Employee represents and warrants that he/she has not sold, assigned or transferred any claim he/she is purporting to release, nor has he/she attempted to do so. Employee expressly represents and warrants that he/she has the full legal authority to enter into this Agreement for himself/herself and his/her estate, and does not require the approval of anyone else.
FMLA and FLSA Rights Honored: Employee acknowledges that he/she has received all of the leave from work for family and/or personal medical reasons and/or other benefits to which he/she believes he/she is entitled under Employer's policy and the Family and Medical Leave Act of 1993 ("FMLA"), as amended. Employee has no pending request for FMLA leave with Employer; nor has Employer mistreated Employee in any way on account of any illness or injury to Employee or any member of Employee's family. Employee further acknowledges that he/she has received all of the monetary compensation, including hourly wages, salary and/or overtime compensation, to which he/she believes he/she is entitled under the Fair Labor Standards Act ("FLSA"), as amended.

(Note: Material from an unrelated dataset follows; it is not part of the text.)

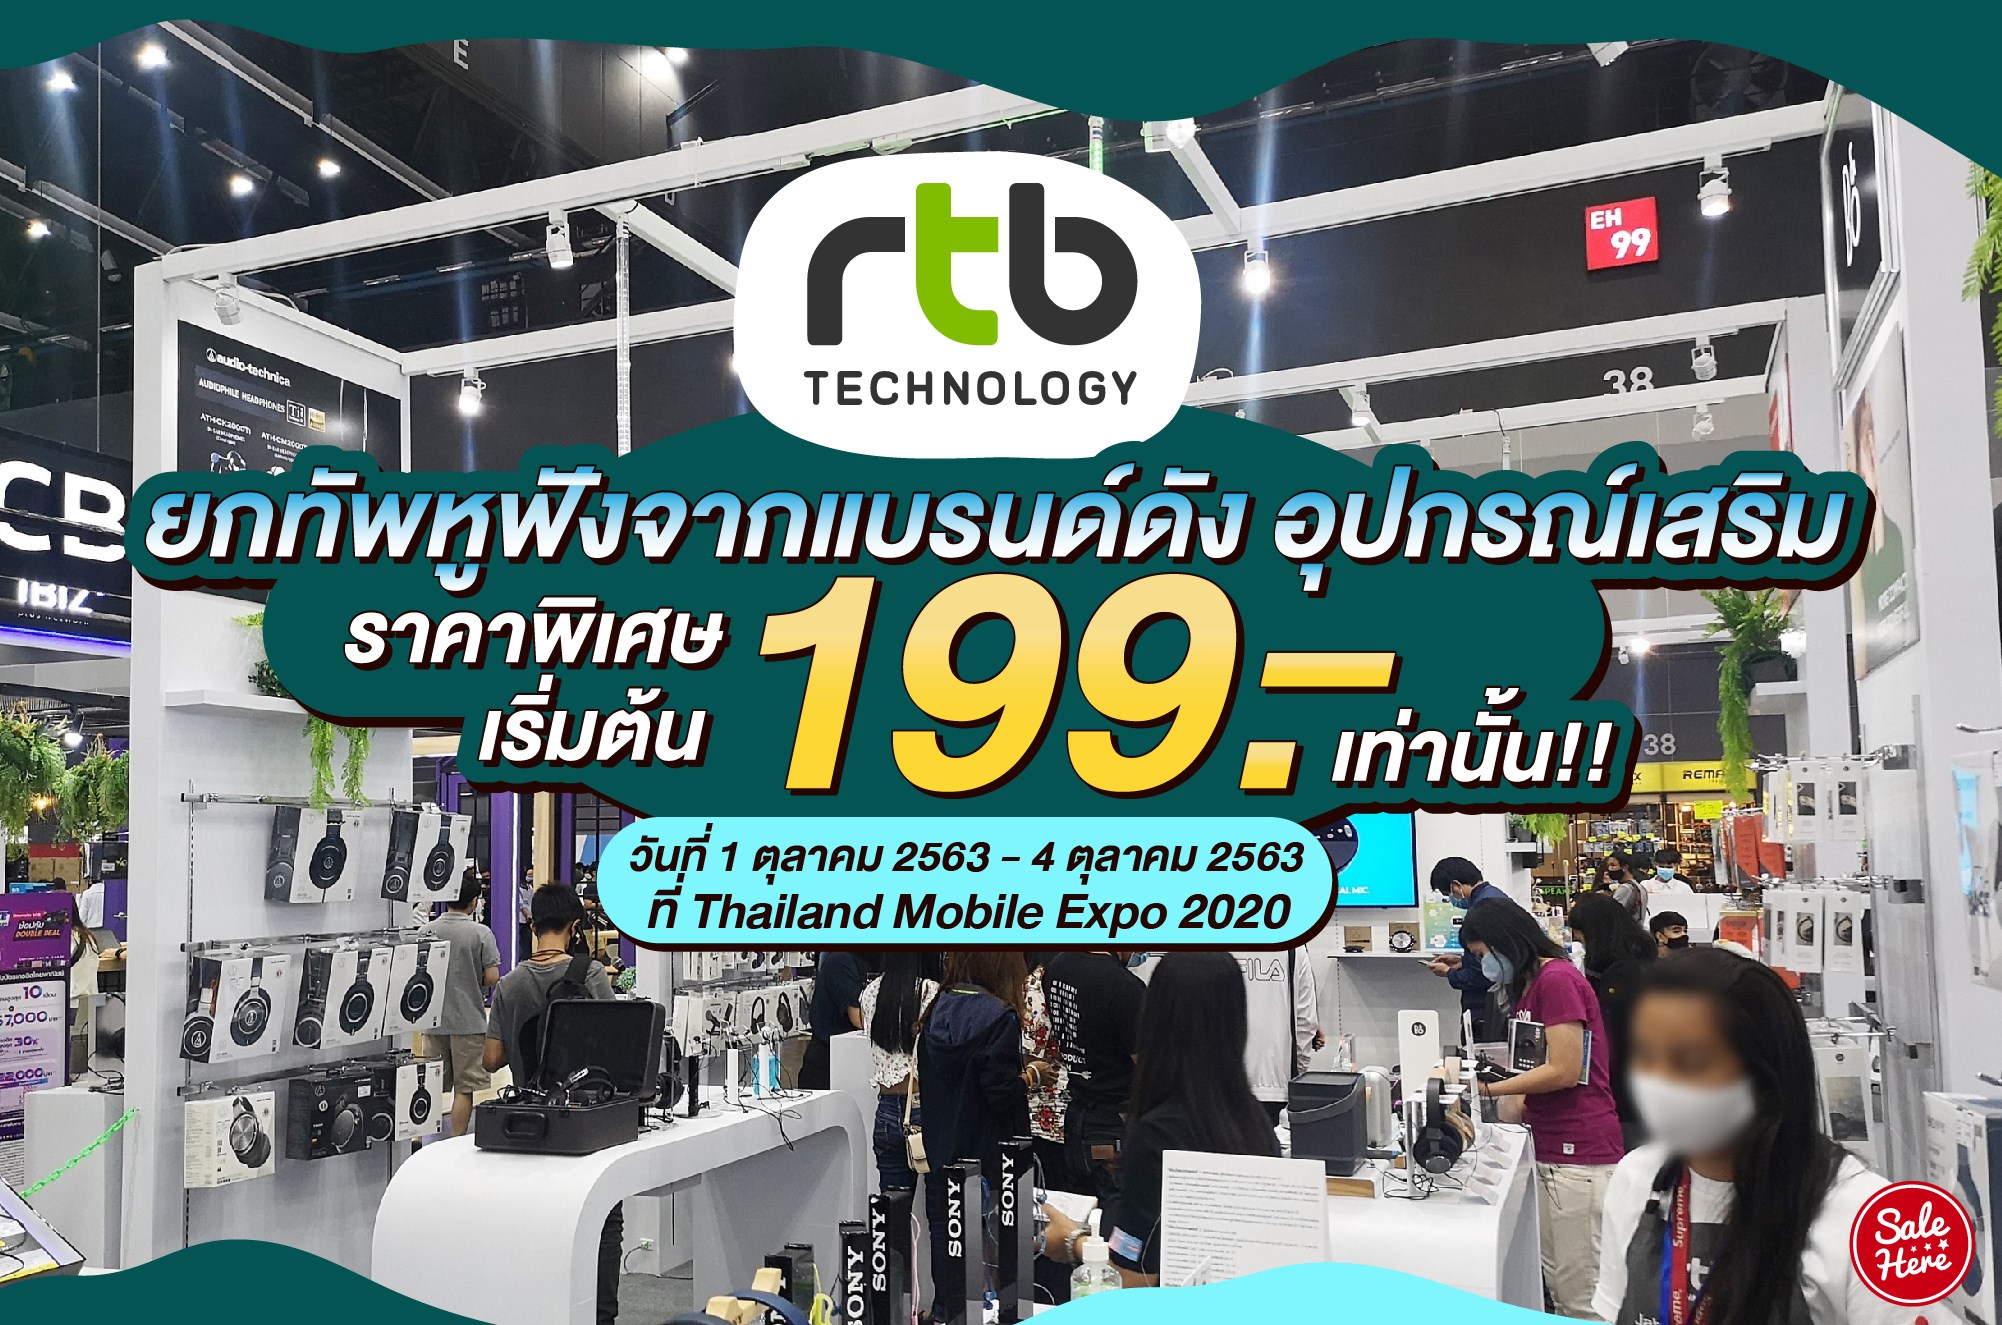 อาร์ทีบี ยกทัพหูฟังจากแบรนด์ดังร่วมงาน Thailand Mobile Expo 2020 ในระหว่างวันที่ 1-4 ตุลาคม 2020 พิเศษ.สินค้าราคาเริ่มต้นที่ 199 บาทเท่านั้น!

[If employee is over 40 years of age, this provision will be included:
Period of Consideration and Revocation -It is understood that Employee shall have twenty-one (21) [or forty-five (45) days (depending on the reason for termination)] from today to decide whether they wish to enter into this separation agreement. It is further understood that Employee will have seven (7) days from the date that they execute this Agreement to revoke the Agreement. Any revocation within this period must be submitted, in writing, to the Company and state, "I hereby revoke my acceptance of our Agreement." The revocation must be mailed to the Executive Vice President of Human Resources, Berry Plastics Corporation, 101 Oakley Street, Evansville, Indiana 47710. If Employee decides to enter into this Agreement, its salary continuation terms shall be applied retroactive to the date Employee signs.]
Access to Independent Legal Counsel; Knowing and Voluntary Execution: EMPLOYEE ACKNOWLEDGES THAT HE/SHE HAS BEEN ADVISED TO SEEK INDEPENDENT LEGAL COUNSEL OF HISIHER OWN CHOOSING IN CONNECTION WITH ENTERING INTO THIS AGREEMENT. EMPLOYEE FURTHER ACKNOWLEDGES THAT IF DESIRED, HISIHER LEGAL COUNSEL HAS REVIEWED THIS AGREEMENT, THAT EMPLOYEE FULLY UNDERSTANDS THE TERMS AND CONDITIONS OF THIS AGREEMENT AND THAT EMPLOYEE AGREES TO BE FULLY BOUND BY AND SUBJECT THERETO. EMPLOYEE HAS CAREFULLY READ THIS AGREEMENT AND KNOWS AND UNDERSTANDS THE CONTENTS THEREOF, AND THAT HE/SHE EXECUTES THE SAME AS HISIHER OWN FREE ACT AND DEED.